Most problematic areas

With Parsec, it turns out to be important to order the parsers and adorn them with try. This was most evident in factorP. Very briefly, when there are two parsers one of which is a prefix of the orher, the parser of the longer input should be listed first. If a parser can fail after consuming some input, it should be wrapped in try so that the next parser will be tried at the correct input position.

Other than this, using Parsec to build parsers is pretty straightforward.

Test program

Here is test program that verifies the correctness of the parser. The tokenizer seems to have a bug. It correctly parses "1.2" as D 1.2 but parses -1.2 as I (-1).

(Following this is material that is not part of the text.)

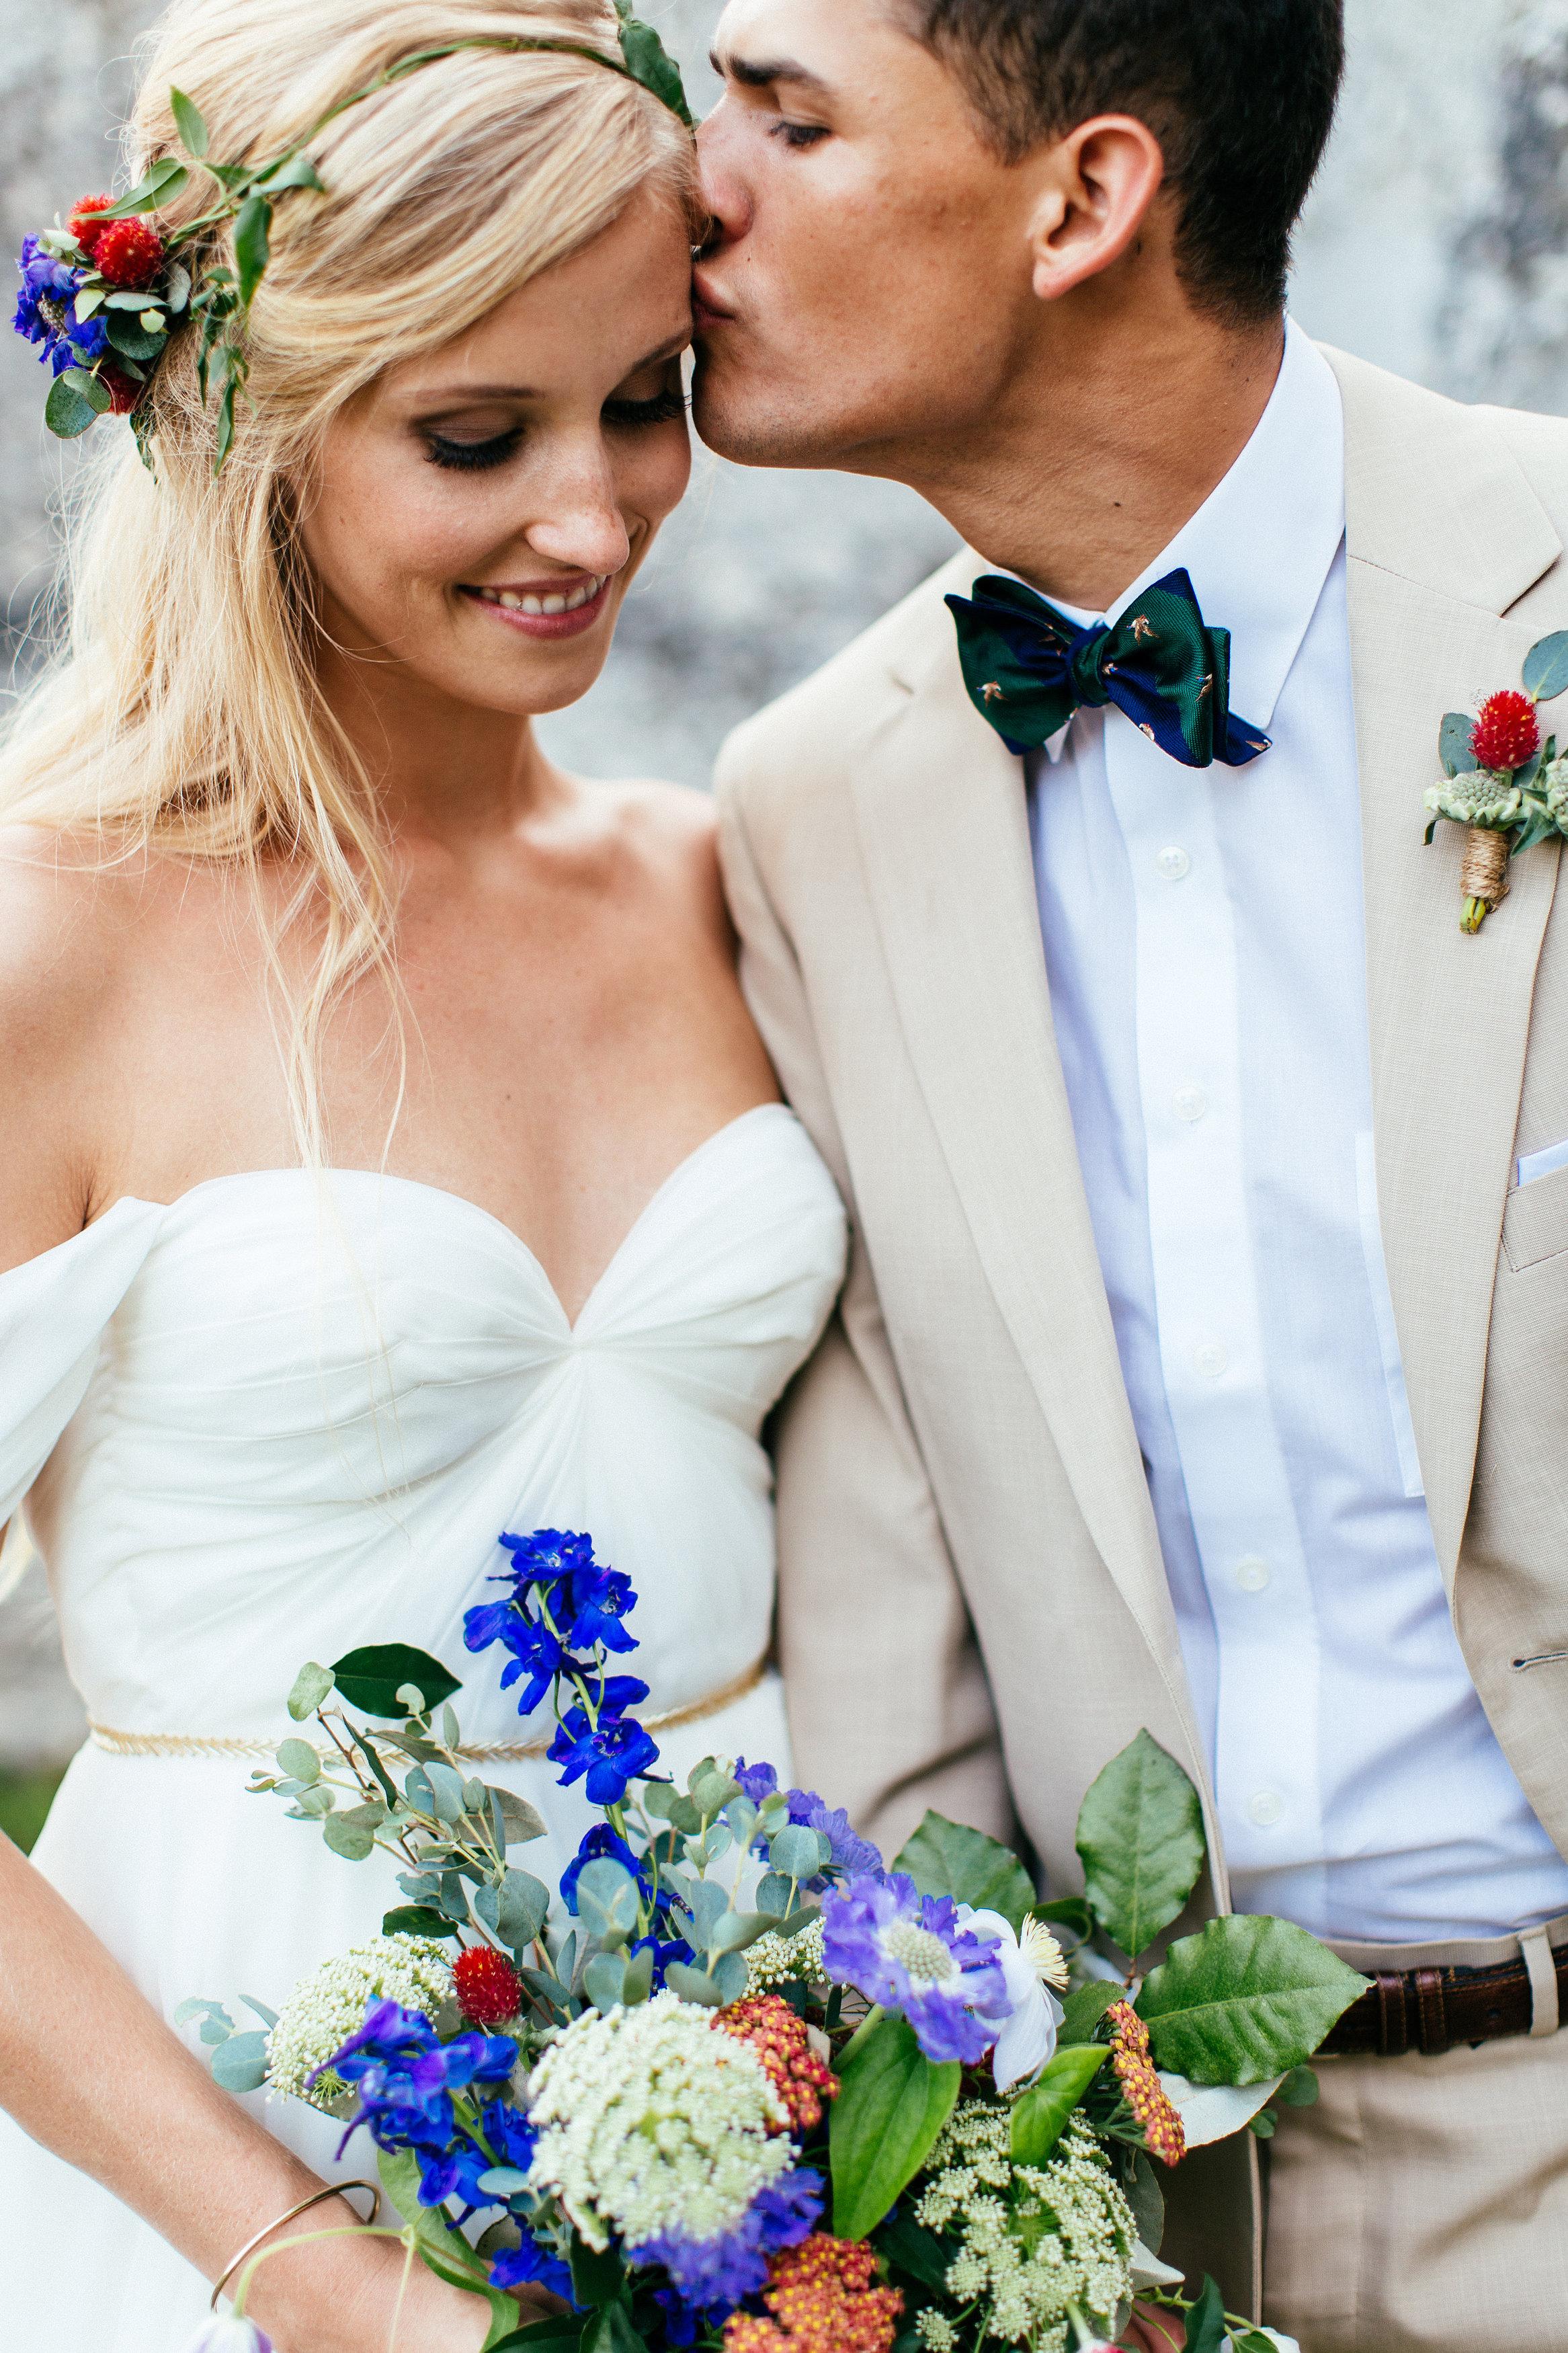 christina-karst-photography-ivory-and-beau-bridal-boutique-sarah-seven-lafayette-boho-bride-boho-bridal-boutique-indie-bridal-boutique-savannah-bridal-boutique-savannah-wedding-dresses-savannah-bridal-gowns-21.jpg

I will defer this issue for now!

Module imports

import Text.Parsec (parseTest)
import Data.List (intercalate)
import Text.Parsec.String
import Parser

Expression tests

Testing expression parsing.

exprTests :: [(String, Expr)]
exprTests = [("10", I 10)
         , ("-1", Neg (I 1))
         , ("- 1", Neg (I 1))
         , ("1.2", D 1.2)
         , ("-1.2", Neg (D 1.2))
         , ("- 1.3", Neg (D 1.3))
         , ("a", V "a")
         , ("\"a\"", S "a")
         , ("true", T)
         , ("false", F)
         , ("1 + 2", Add (I 1) (I 2))
         , ("1 + -2", Add (I 1) (Neg (I 2)))
         , ("1 + 2 * 3", Add (I 1) (Mul (I 2) (I 3)))
         , ("1 - 2", Sub (I 1) (I 2))
         , ("1 - 2 * 3", Sub (I 1) (Mul (I 2) (I 3)))
         , ("1 + 2 * 3 / 4", Add (I 1) (Div (Mul (I 2) (I 3)) (I 4)))
         , ("1 + a", Add (I 1) (V "a"))
         , ("1 = a", Eq (I 1) (V "a"))
         , ("1 = 2", Eq (I 1) (I 2))
         , ("true and true", And T T)
         , ("true & true", And T T)
         , ("true | true", Or T T)
         , ("true or true", Or T T)
         , ("1 = 2 & 2 = 4", And (Eq (I 1) (I 2)) (Eq (I 2) (I 4)))
         , ("a = b & c = d", And (Eq (V "a") (V "b")) (Eq (V "c") (V "d")))
         , ("a = b | c = d", Or (Eq (V "a") (V "b")) (Eq (V "c") (V "d")))
         , ("(a | b) & (c | d)", And (Or (V "a") (V "b")) (Or (V "c") (V "d")))
         , ("(a & b) | (c & d)", Or (And (V "a") (V "b")) (And (V "c") (V "d")))
         , ("-(1.2)", Neg (D 1.2))
         , ("+(1.2)", D 1.2)
         , ("not true", Not T)
         , ("not not true", Not (Not T))
         , ("true = false", Eq T F)
         , ("foo()", Call "foo" [])
         , ("foo(1)", Call "foo" [I 1])
         , ("foo(1, true)", Call "foo" [I 1, T])
         , ("foo(1, 2)", Call "foo" [I 1, I 2])
         ]

Statement tests

Testing statement parsing.

stmtTests :: [(String, Stmt)]
stmtTests = [ ("x := 1", Assign (V "x") (I 1))
            , ("print 1, 2", Print [I 1, I 2])
            , ("print 1", Print [I 1])
            , ("{}", Block [])
            , ("if true print \"T\" else print \"F\"",
               If T (Print [S "T"]) (Just (Print [S "F"])))
            , ("if true print 1", If T (Print [I 1]) Nothing)
            , ("break", Break)
            , ("continue", Continue)
            ]

Dsl tests

Example DSL and its expected result.

dslTests :: [(String, [Stmt])]
dslTests =  [ ("x := 1 y:= 2", [Assign (V "x") (I 1), Assign (V "y") (I 2)])
            , (" x := 1 ", [Assign (V "x") (I 1)])
            ]

Test runner

testParser accepts a list of input and expected results of parsing them. Inputs that don't produce the expected results are printed.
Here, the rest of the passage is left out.